The paper clearly reports that students were randomized within each classroom (rather than randomizing entire classes). For a typical classroom-wide instructional intervention, this would raise contamination concerns and would not satisfy Criterion C.
However, this study evaluates tutoring delivered in very small groups (2-student or 3-student groups), i.e., a form of personal/small-group instruction. Under the ERCT tutoring exception, student-level randomization is acceptable.
Final: Criterion C is met because the intervention is tutoring and therefore qualifies for the tutoring exception despite within-class randomization.
-
E
Exam-based Assessment
- The study measures outcomes using the NWEA MAP Math assessment, which the paper describes as a widely used standardized test.
- "The outcome variable of this study is the MAP Math assessment, which is created by the NWEA." (p. 6)
Relevant Quotes:
1) "The outcome variable of this study is the MAP Math assessment, which is created by the NWEA." (p. 6)
2) "NWEA assessments are used by over 50,000 schools and districts in 149 countries." (p. 6)
3) "The school tests the students 3 times per academic year (September, January, and May)." (p. 6)
Detailed Analysis:
Criterion E requires a standardized exam-based assessment rather than a researcher-created test aligned to the intervention.
The paper identifies the MAP Math assessment (by NWEA) as the primary outcome and describes it as broadly used across many schools and countries. This supports that the assessment is standardized and externally developed rather than bespoke to this study.

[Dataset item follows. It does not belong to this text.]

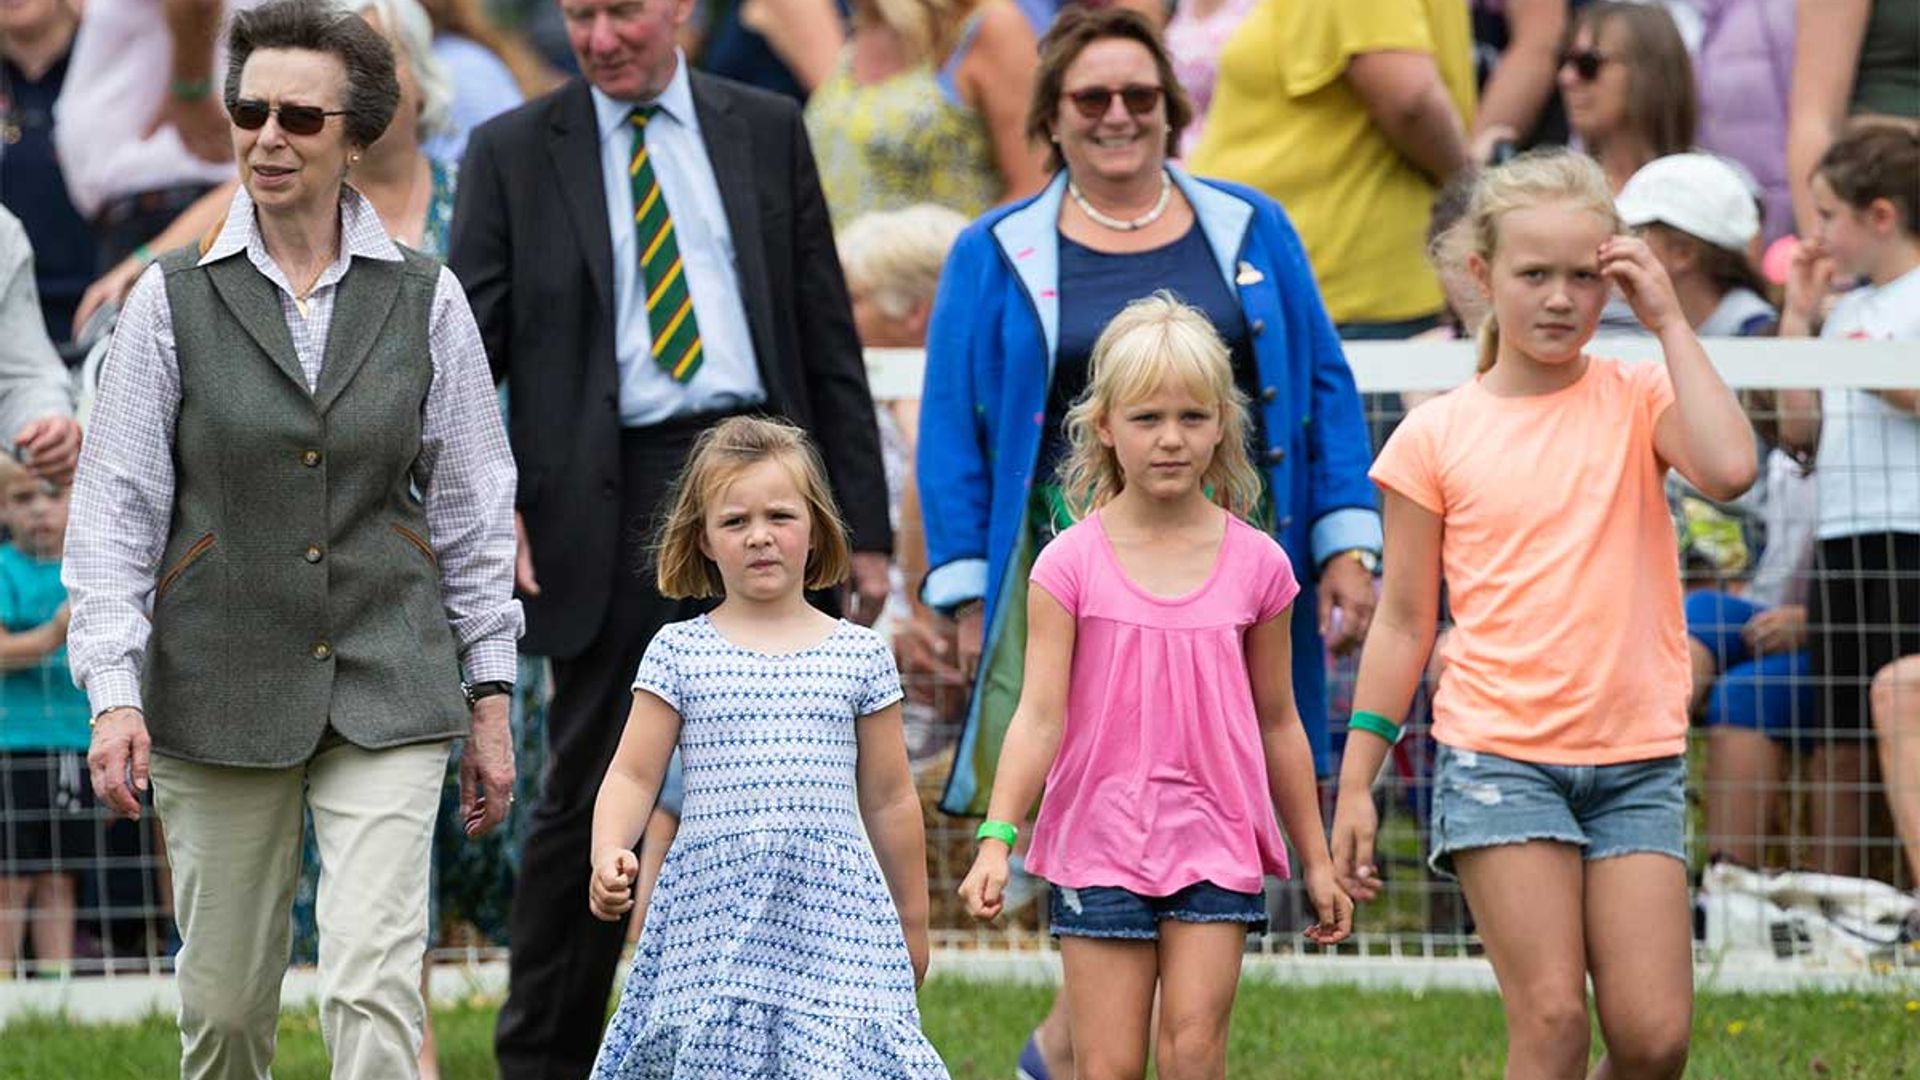 Princess Anne joined by granddaughters during daily horse rides at Gatcombe Park

Final: Criterion E is met because the primary outcome is a standardized exam-based assessment (NWEA MAP Math).
-
T
Term Duration
- Outcomes are measured from January 2024 (baseline) to May 2024 (endline), which spans roughly one academic term.

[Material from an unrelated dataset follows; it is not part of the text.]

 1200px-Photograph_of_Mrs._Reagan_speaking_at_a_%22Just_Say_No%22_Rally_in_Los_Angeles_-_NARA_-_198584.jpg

- "The experimental evaluation of this tutoring took place between January 2024 and May 2024." (p. 4)
Relevant Quotes:
1) "The experimental evaluation of this tutoring took place between January 2024 and May 2024." (p. 4)

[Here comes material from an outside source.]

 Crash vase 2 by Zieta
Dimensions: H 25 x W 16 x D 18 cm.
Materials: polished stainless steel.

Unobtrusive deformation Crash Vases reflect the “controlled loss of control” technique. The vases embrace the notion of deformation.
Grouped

2) "The treatment took took place from January to May of 2024." (p. 5)
3) "For this study, I use the January 2024 test results as the baseline score, and the May 2024 test results as the endline variable." (p. 6)
Detailed Analysis:
Criterion T requires that outcomes be measured at least one academic term after the intervention begins (commonly about 3–4 months), either because the intervention lasts that long or because follow-up extends that long.
The paper states the evaluation ran between January 2024 and May 2024 and that baseline MAP scores are from January 2024 while endline MAP scores are from May 2024. This span is approximately a semester-length period and satisfies the minimum term-duration requirement.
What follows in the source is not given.